This month’s exhibitions carry a transformative twist to the on a regular basis, imbuing mundane objects with psychological, political, and private depth. At Regen Initiatives, Kevin Beasley embeds clothes and different objects into luminous and vibrant resin panels, whereas at Parker Gallery, Zachary Leener’s evocative ceramic sculptures include hair, particles, and different private results. Marnie Weber’s The Dollhouse (2002) is an immersive, surreal imaginative and prescient of femininity incorporating sculpture, pictures, and collage. Fidencio Fifield-Perez creates mesmerizing geometric patterns and plush nonetheless lifes from the soulless documentation of state surveillance.

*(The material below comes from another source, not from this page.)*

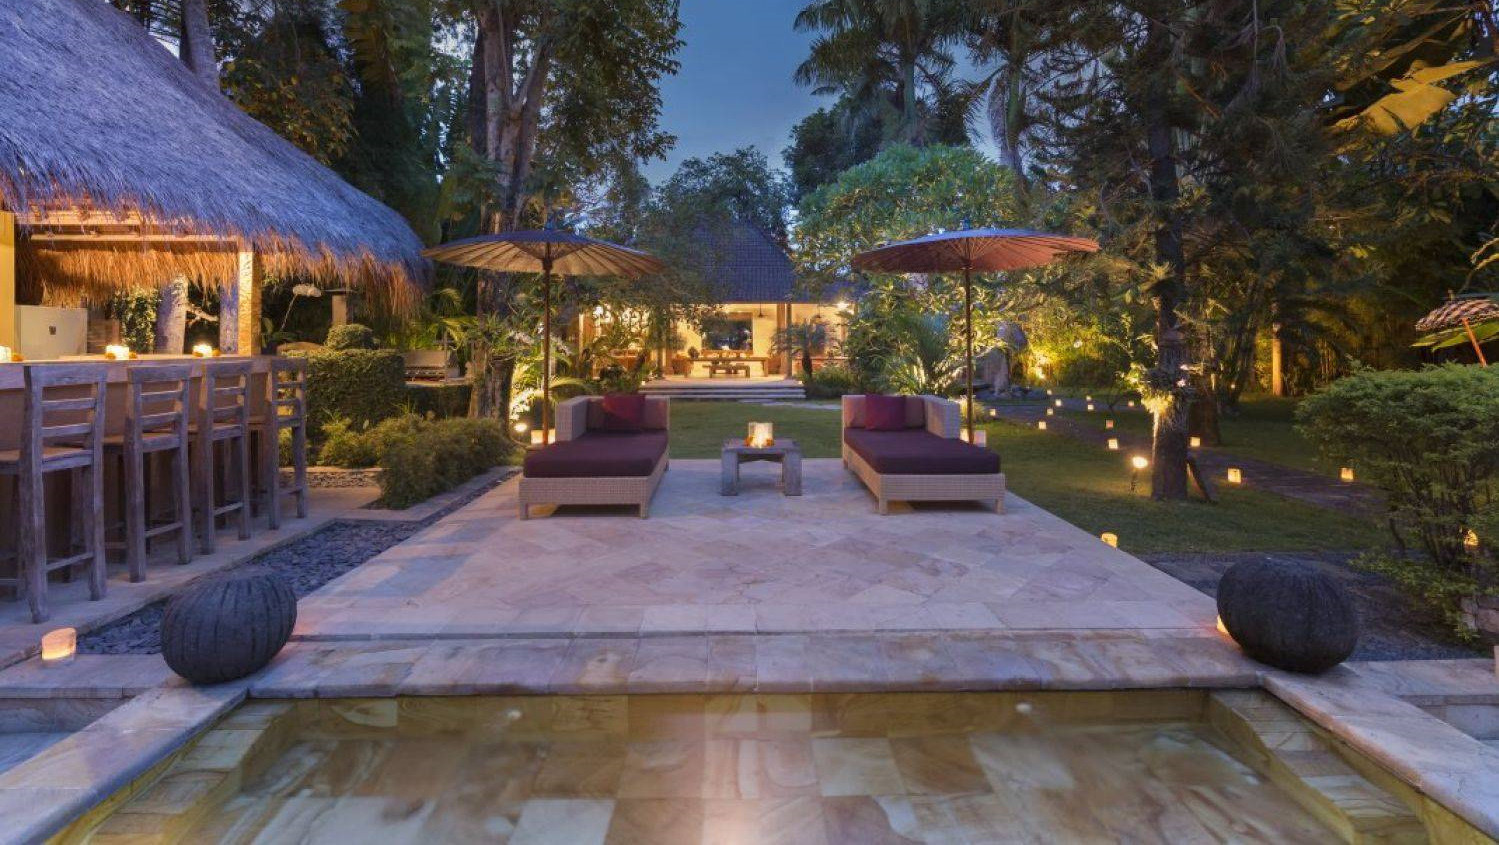 Villa Red Palms in Umalas, Bali (3 bedrooms) - Best Price & Reviews!
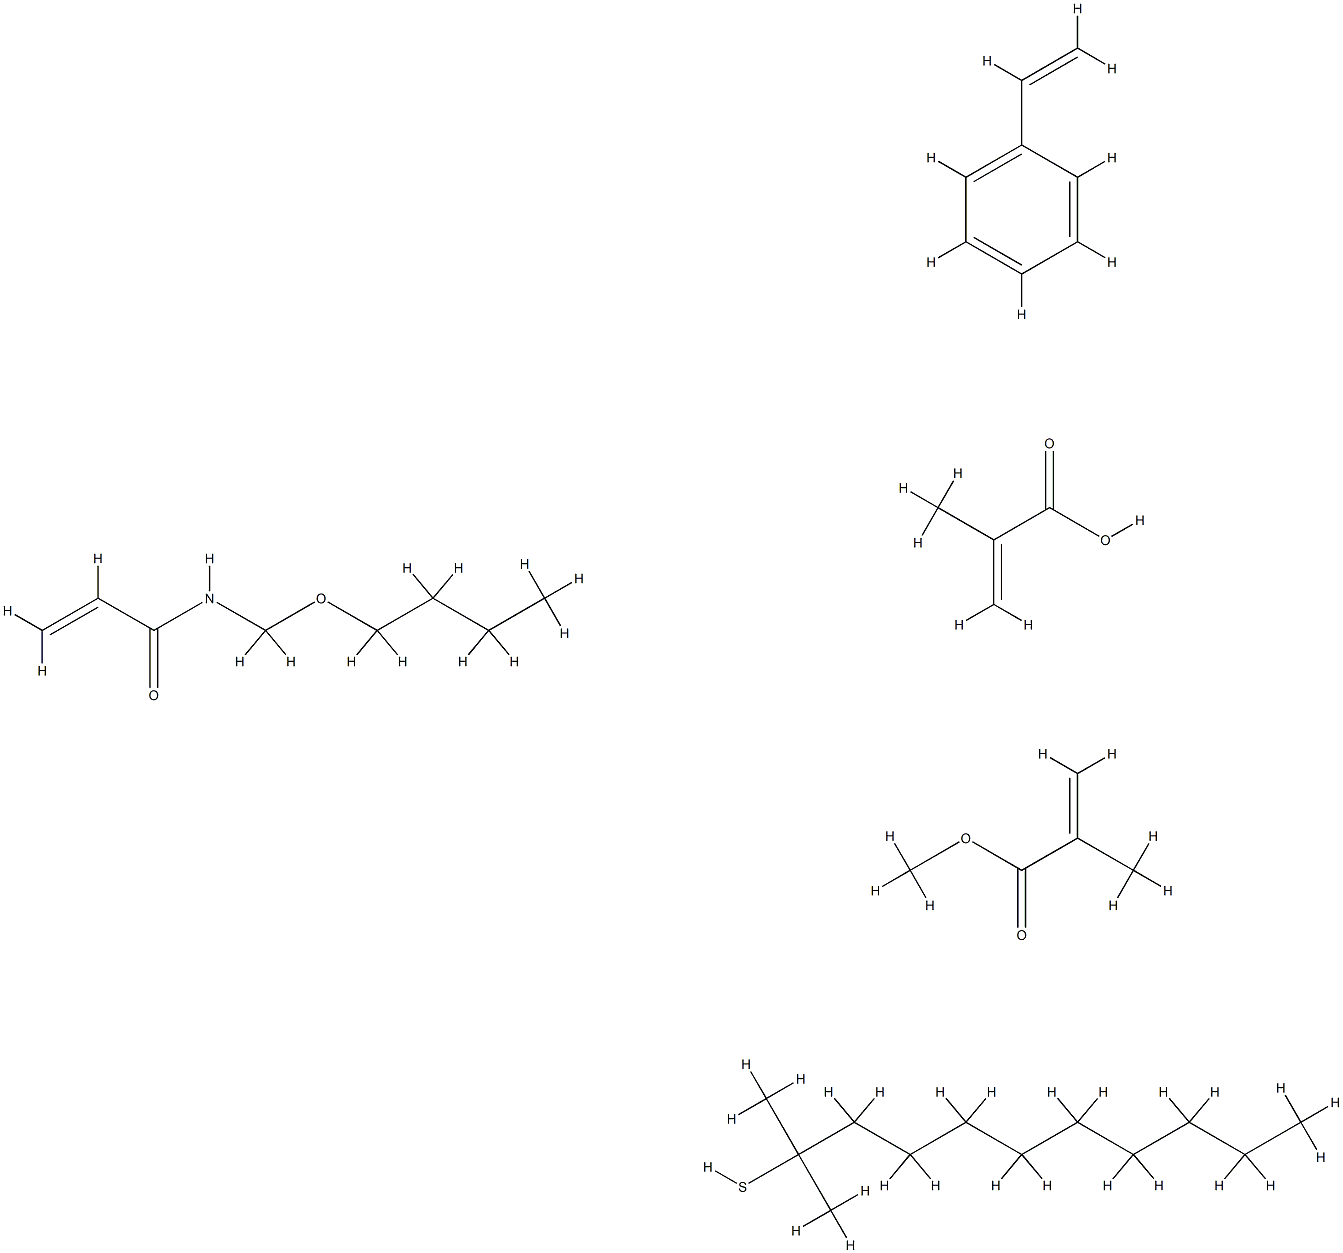 2-Propenoic acid, 2-methyl-, telomer with N-(butoxymethyl)-2-propenamide, tert-dodecanethiol, ethenylbenzene and methyl 2-methyl-2-propenoate|

And at Past the Streets, Lethal Prey Gallery has curated a present of hand-painted film posters from Ghana’s cell cinema trade, advert hoc commercials that embellish Hollywood narratives with gore, weapons, and layers of apocryphal eccentricities.
Kevin Beasley: What delineates the sting
Regen Initiatives, 6750 Santa Monica Boulevard, Hollywood, Los AngelesThrough August 16
Kevin Beasley, “Portal (I’ll go if you go)” (2025), polyurethane resin, altered t-shirts, altered housedresses, altered dye sublimation t-shirts, scarf, uncooked Virginia cotton, Sharpie switch, plywood, teak veneer, delicate metal, stainless-steel, epoxy, walnut (© Kevin Beasley; photograph by Evan Bedford, courtesy the artist and Regen Initiatives)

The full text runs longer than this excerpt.